_Activity_
From the first line to the last, retype everything below exactly, minus the pictures.

_Exercise data_
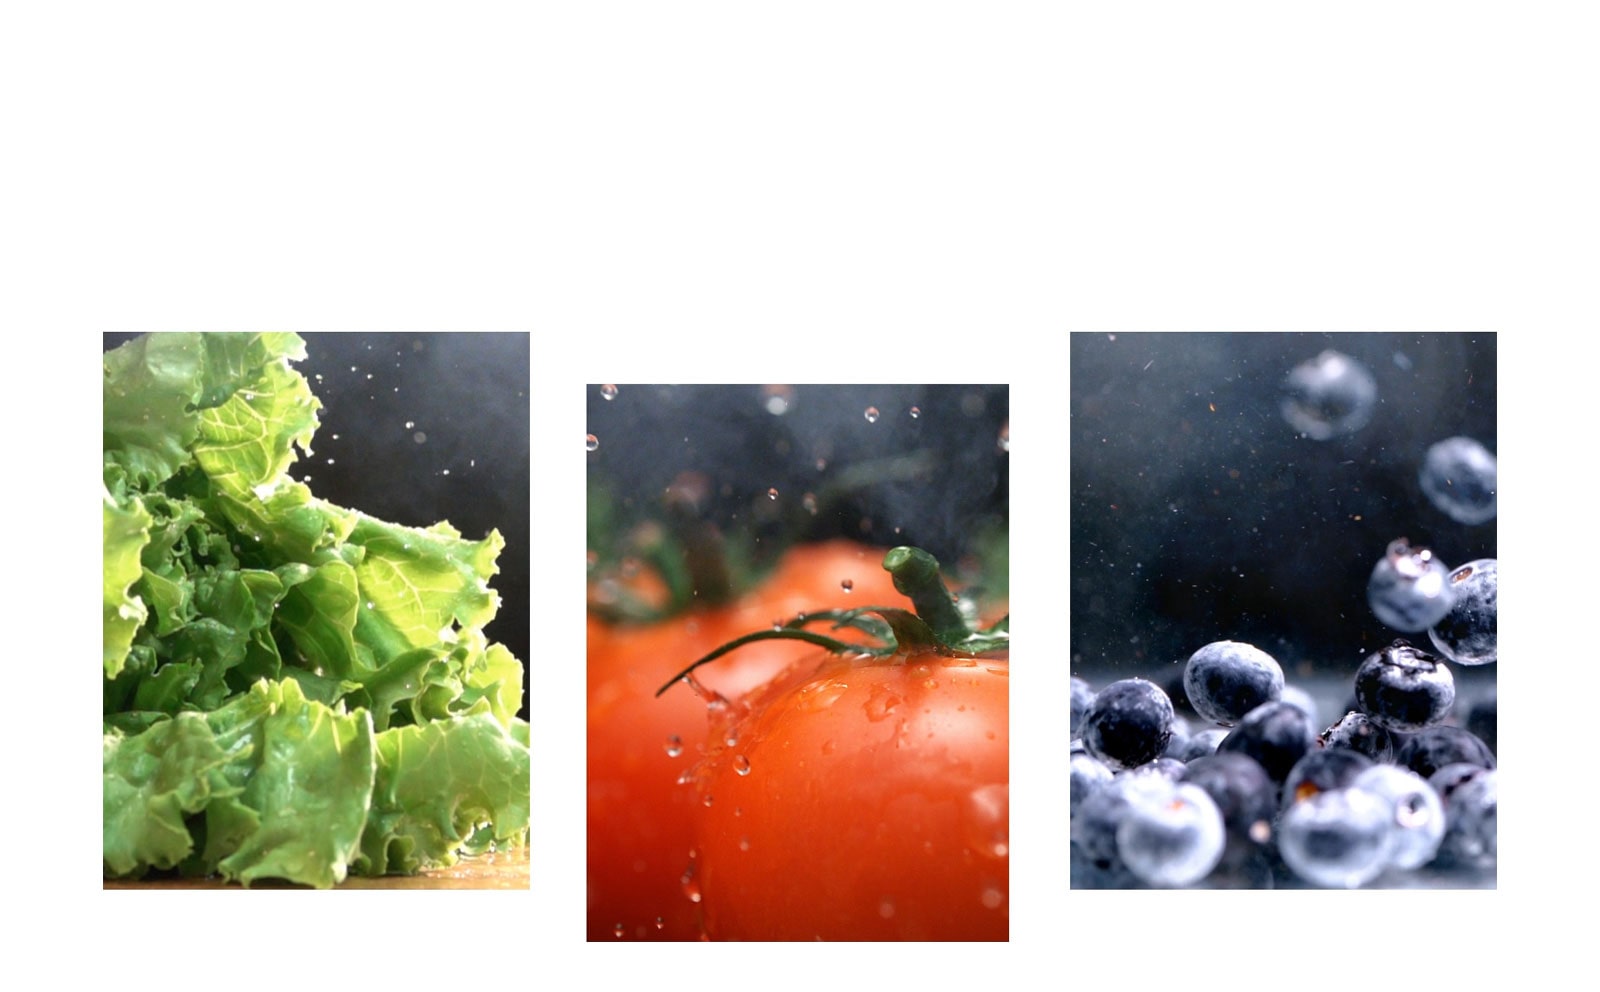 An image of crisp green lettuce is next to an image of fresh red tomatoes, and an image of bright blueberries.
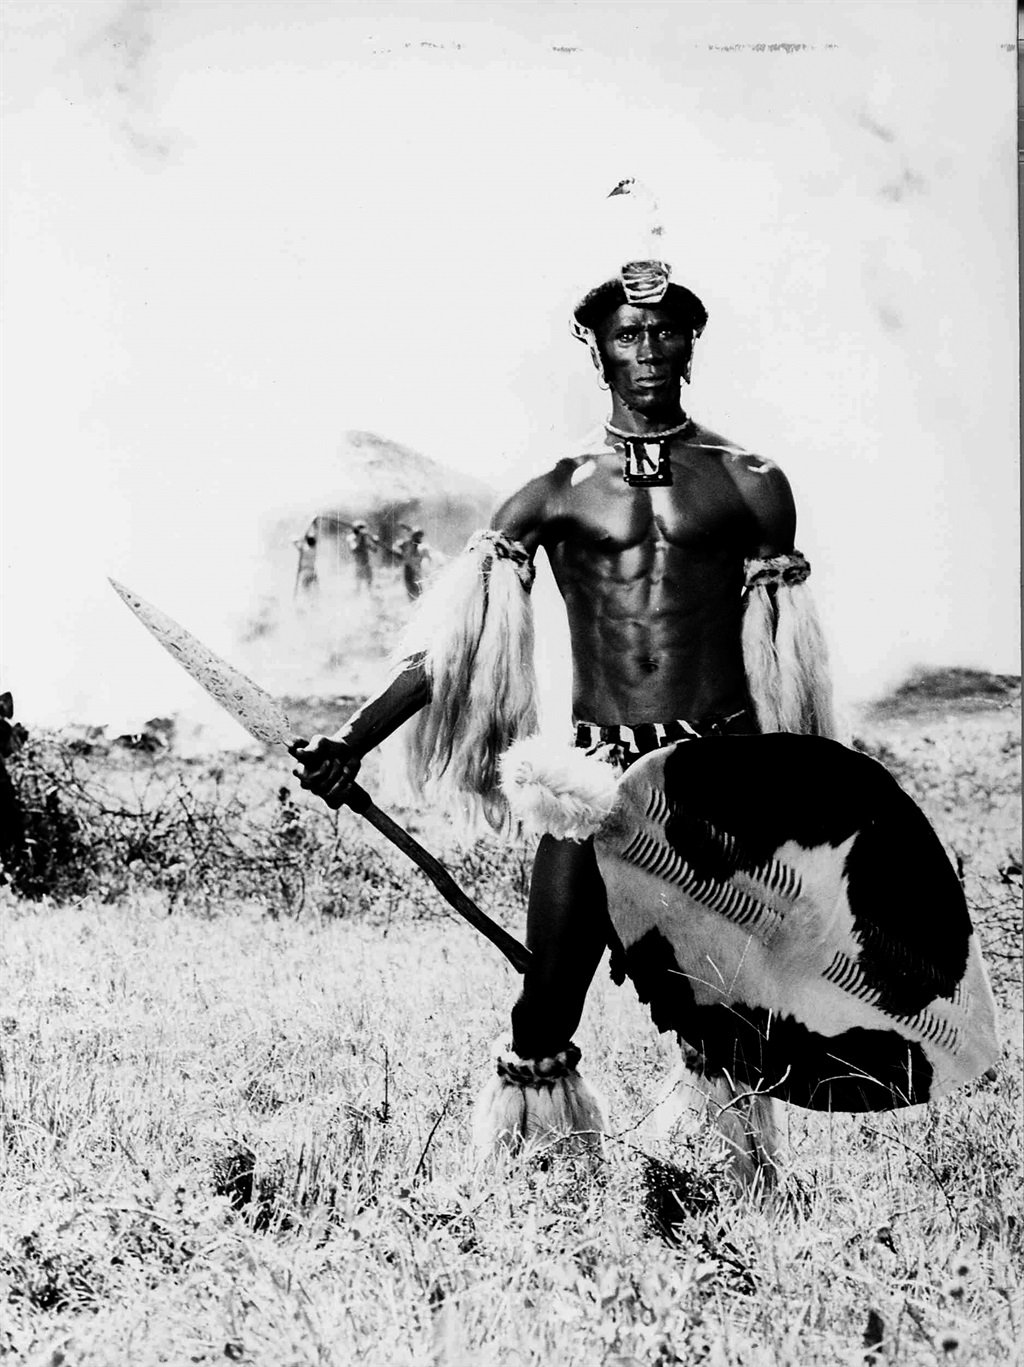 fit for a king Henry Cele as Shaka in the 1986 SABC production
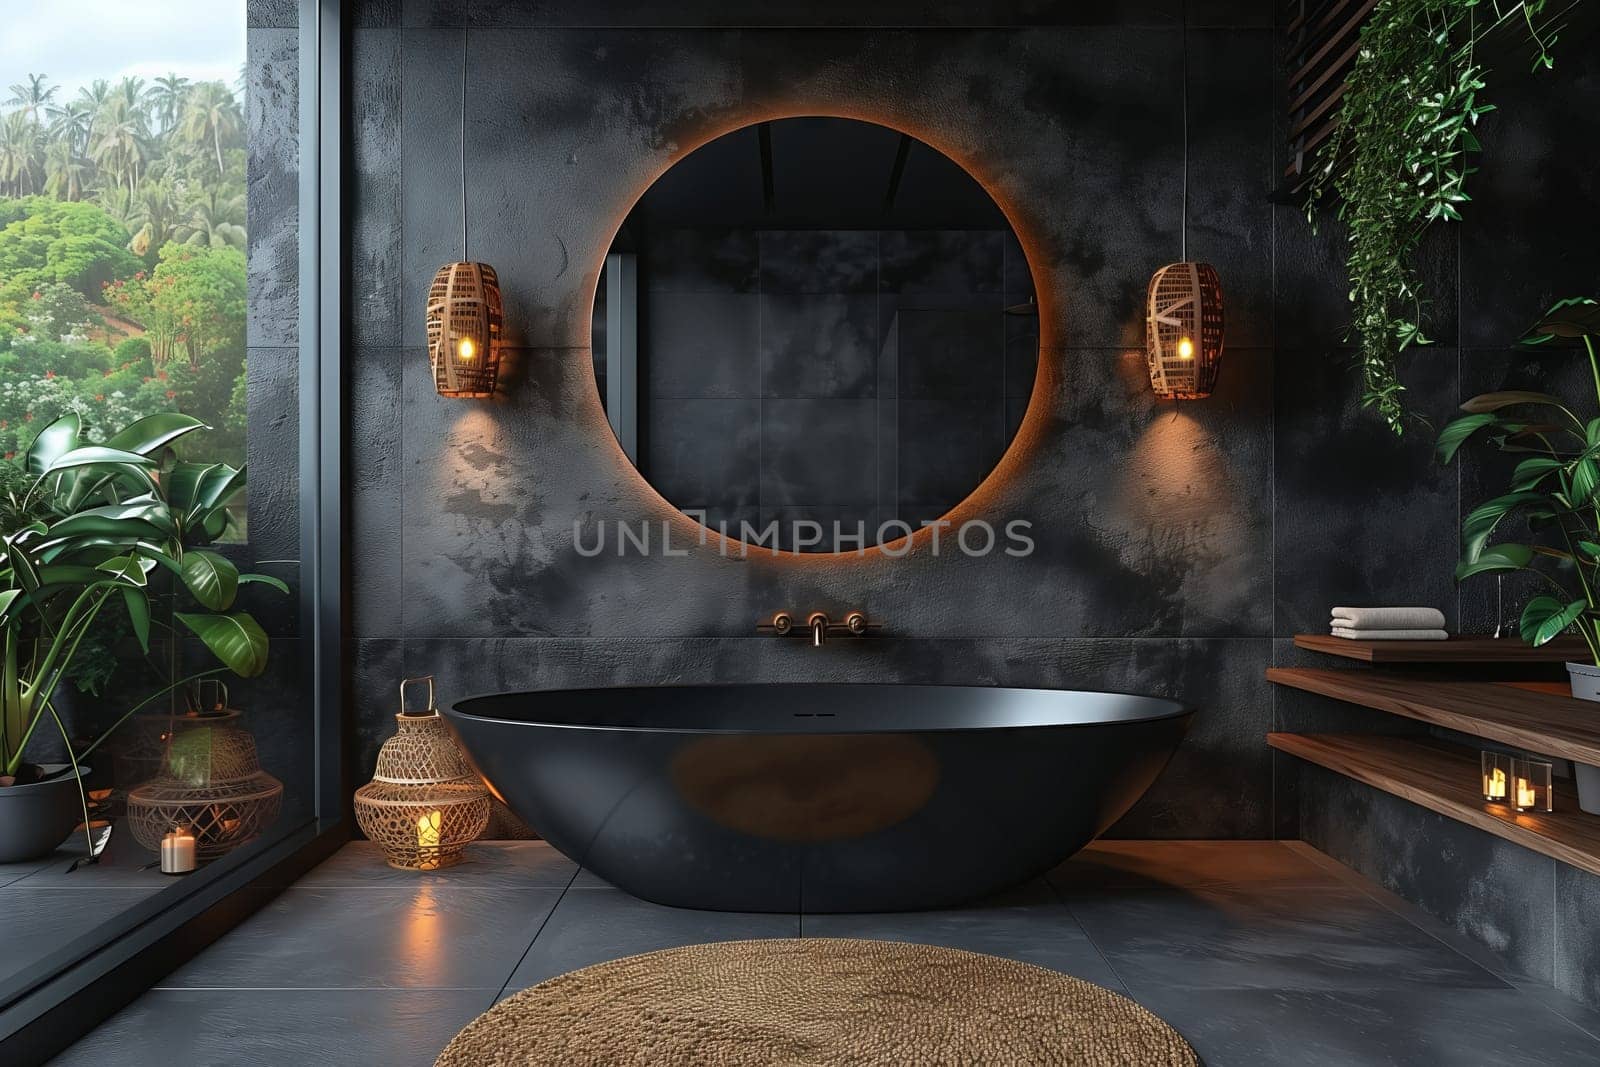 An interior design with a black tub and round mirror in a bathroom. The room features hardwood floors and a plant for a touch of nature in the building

_Response to the exercise_
 An image of crisp green lettuce is next to an image of fresh red tomatoes, and an image of bright blueberries.
 fit for a king Henry Cele as Shaka in the 1986 SABC production
 An interior design with a black tub and round mirror in a bathroom. The room features hardwood floors and a plant for a touch of nature in the building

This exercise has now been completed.